» **TASK DESCRIPTION**
Give again, word for word, every line below from the one that has "Three-pin plug, illustration" through the one that has "Microfono Audiotechnica De", both included, and no others.

» **RAW DATA**
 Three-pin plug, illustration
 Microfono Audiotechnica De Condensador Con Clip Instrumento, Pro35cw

* * *

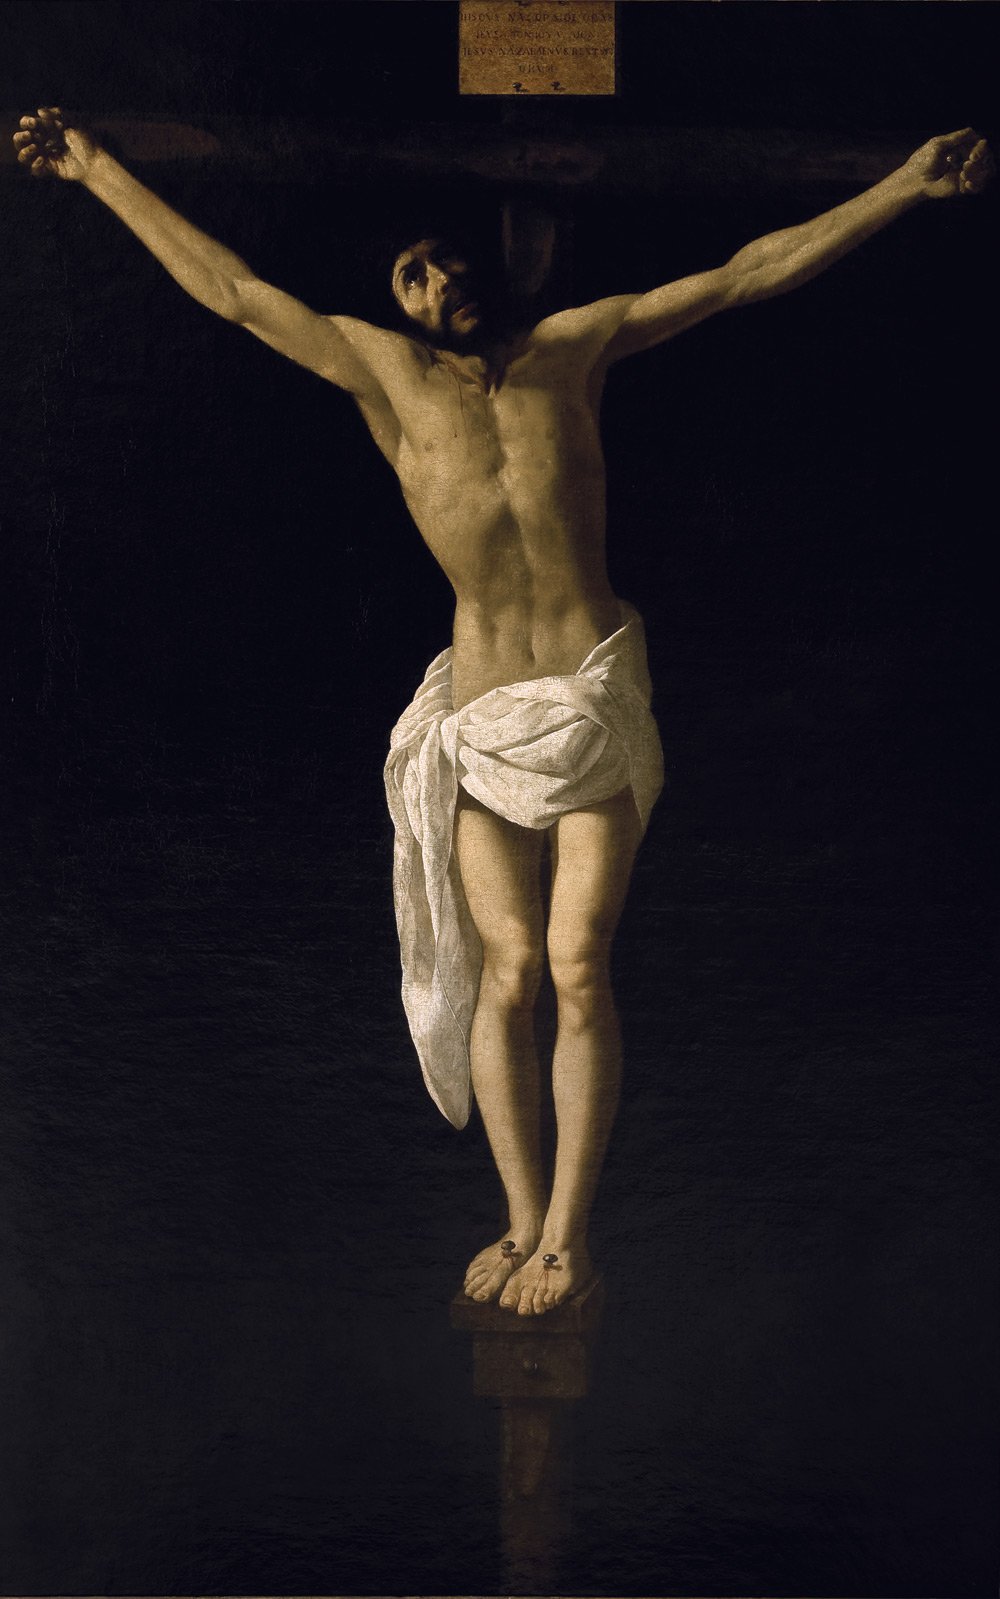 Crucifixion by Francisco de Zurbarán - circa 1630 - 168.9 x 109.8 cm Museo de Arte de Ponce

» **TASK OUTPUT**
 Three-pin plug, illustration
 Microfono Audiotechnica De Condensador Con Clip Instrumento, Pro35cw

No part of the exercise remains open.